I woke with pain a few hits minutes ago. My pills are hours late.
I hope I don't oversleep…
More pills than I care to count.
More fluids than I am comfortable drinking.
Skin sloughing off where it most certainly should not be.
And enough fainting spells that that Ion—you know, the kitten?—has taken a spot near the recliner I'm sleeping in tonight.
Despite my best efforts, somehow pestilence has followed me here. My allergy went off and I did a check in paranoia. It either came in from the job or a bus.
It's a fuck of an occupational hazard. And not the only one.
My doctor's oh so brilliant idea to lower my pain management meds led to me having unmanageable pain. My side is worse than ever. The fainting spells are back—not “near” syncope, flat out syncope. I've hit more floors than the bodies in the song.
An exterminator will be called. …here, not the apartment. They still don't have this together.
And I'm fighting two opportunistic infections right now. It sucks.
The Pain is like a crosscut saw, below a rib as if looking for something to remove, then realizing that it's made a wrong turn and curving down and sawing on the dotted line that is my hernia scar.
I can't focus. I can barely function.
There are things I wanted to do today. I did none of them.
All because I have not been able to get my side fixed.
Pestilence Day… I don't know. Too long.
My “WTF is this Weather I'm stuck in” (for three hours in a laundromat) vine got 2.5k views. Six of us were in there, rocks and branches were flying, and a door kept banging open despite our efforts.

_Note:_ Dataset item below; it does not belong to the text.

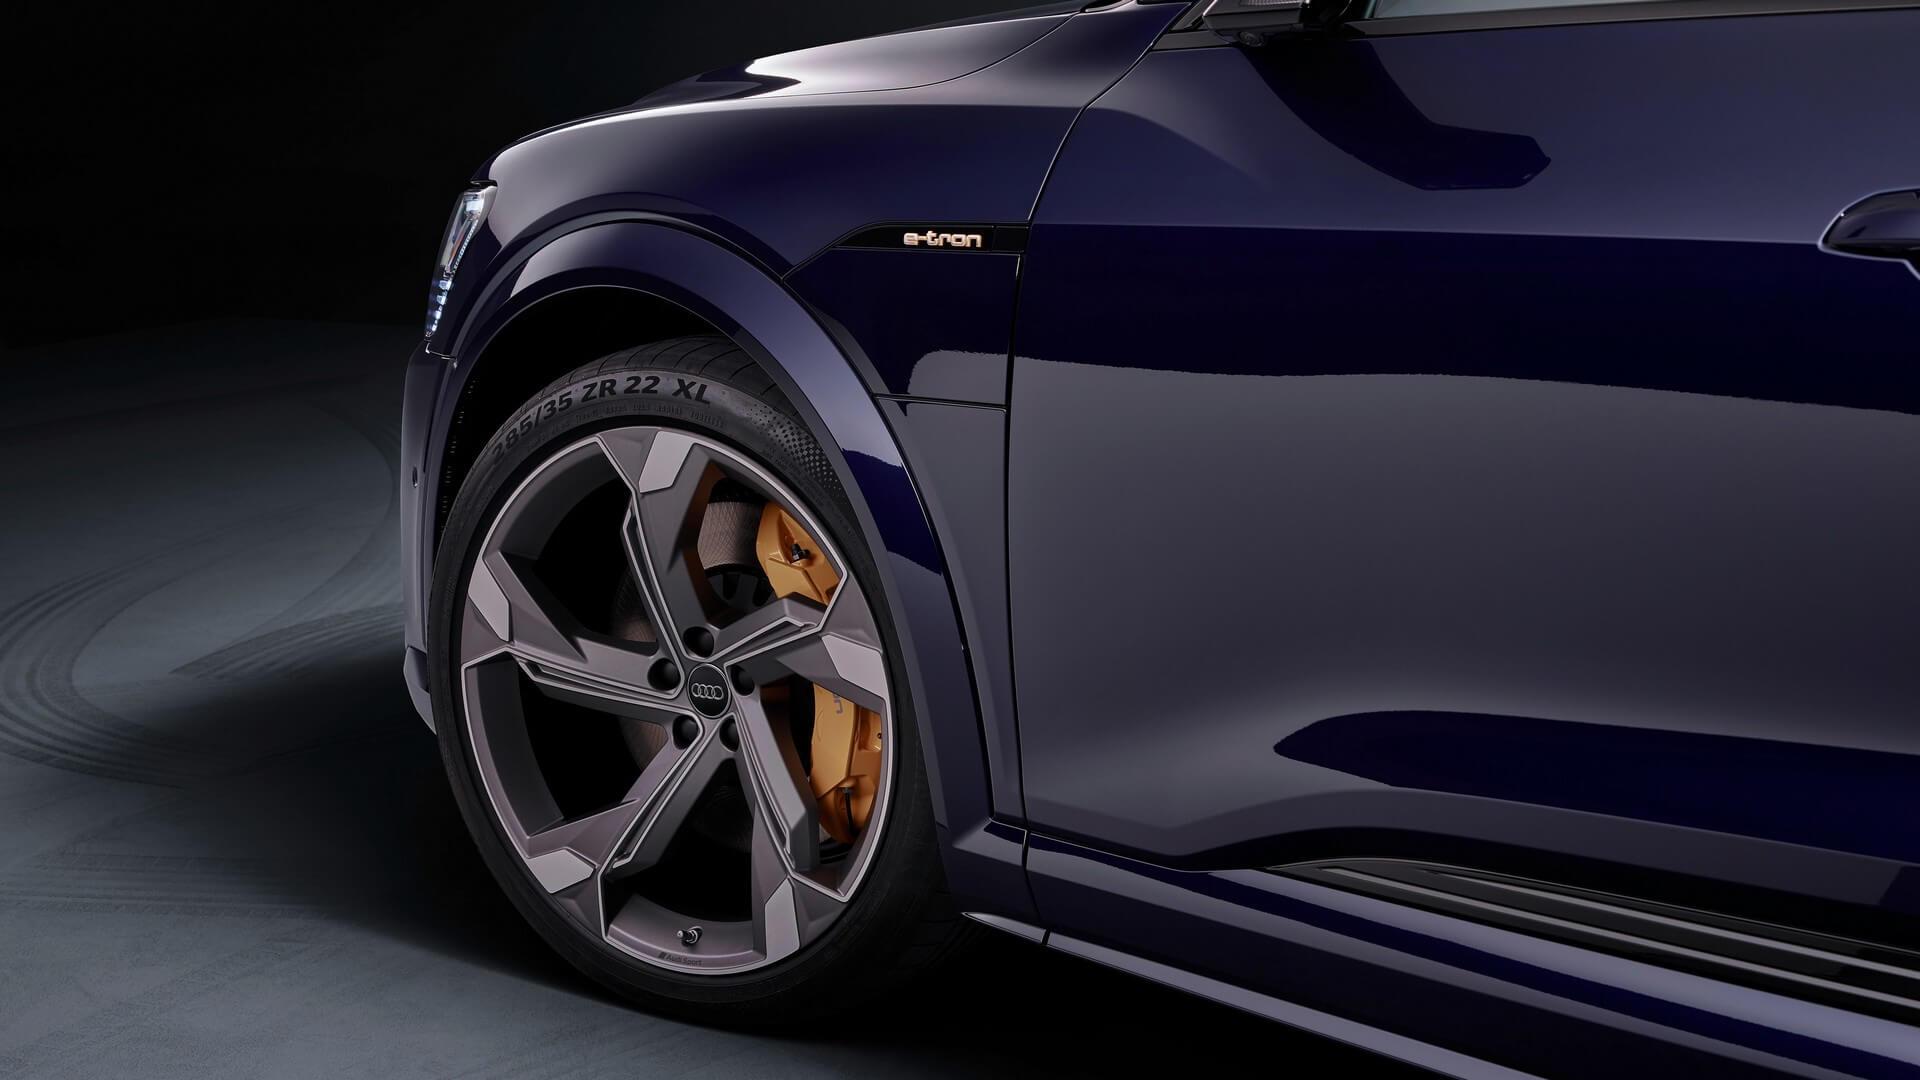 Audi-E-Tron-S-and-E-Tron-S-Sportback-2020-114
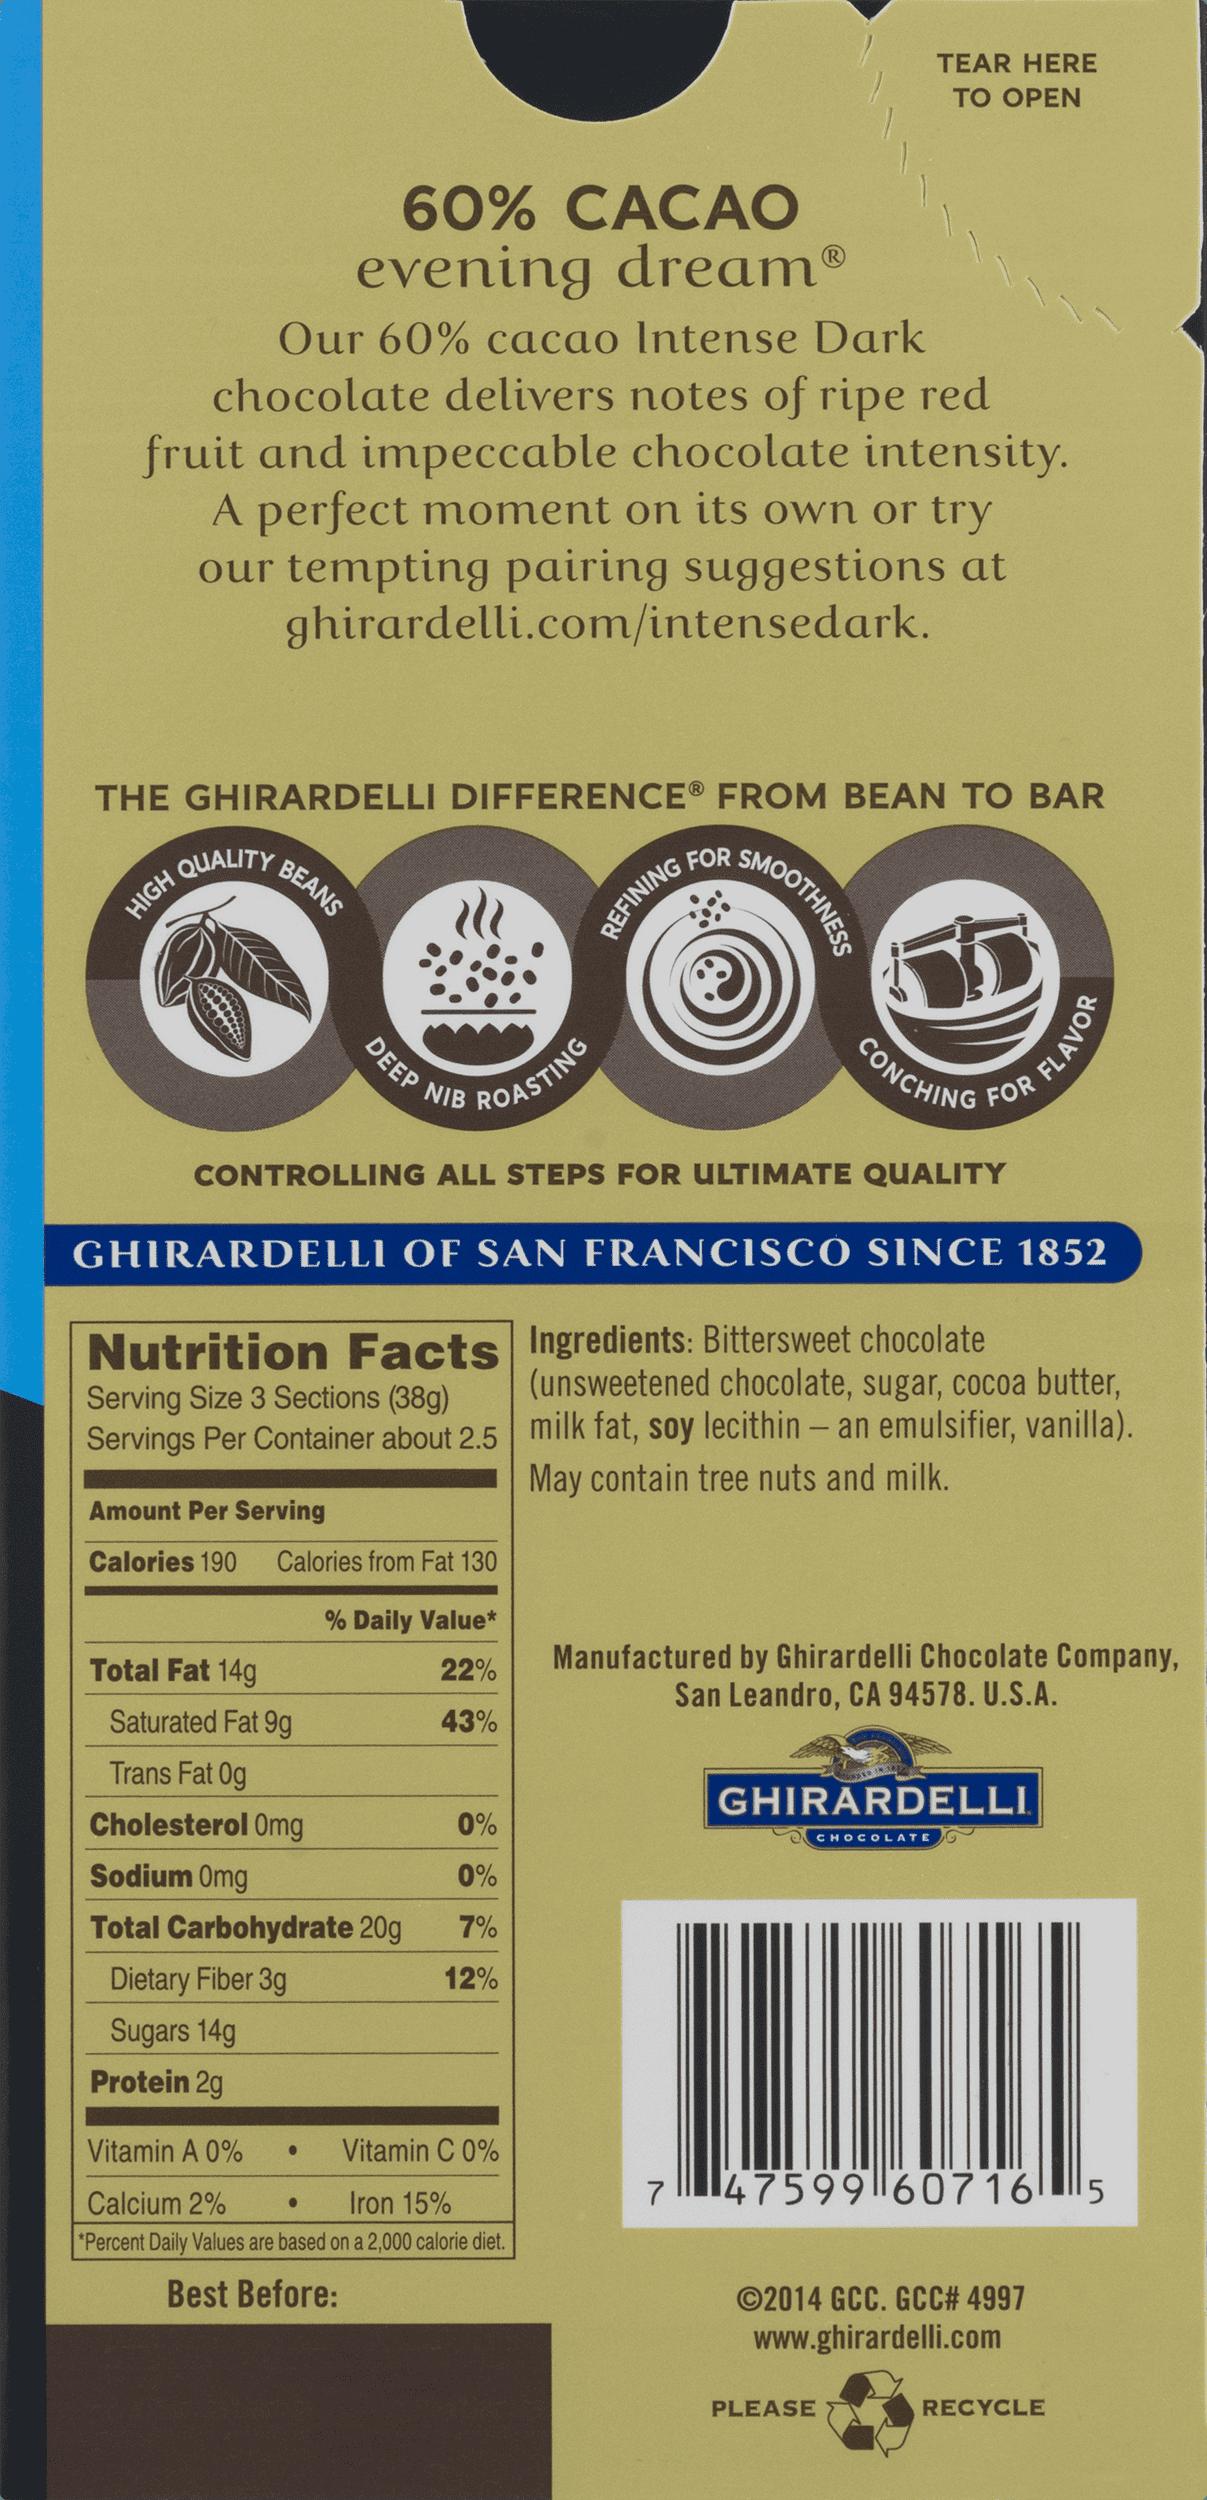 Ghirardelli Intense Dark Chocolate 60% Cacao Evening Dream, 3.5 OZ ...

Still the safest place to be.
The power went out four times. I had to restart my dryer twice. I went out from exhaustion… It might have been three times. I distinctly remember being out when the power was, and back when it was once. Pills were missed. Meals were missed. Returning to the apartment—I'll advised, but the only physically possible route—resulted in a SPECTACULAR splat onto the floor, with only the package of sheets I'd bought to cushion my head. I managed to get my sleep pouch out long enough to splat into it.
Two hours into splat, I realize I am so dizzy that I can't move. Getting out is not possible. Dinner is a vending machine cupcake. And I'm in enough pain that this is enough.
I'm heavily medicated right now. Sleep is soon.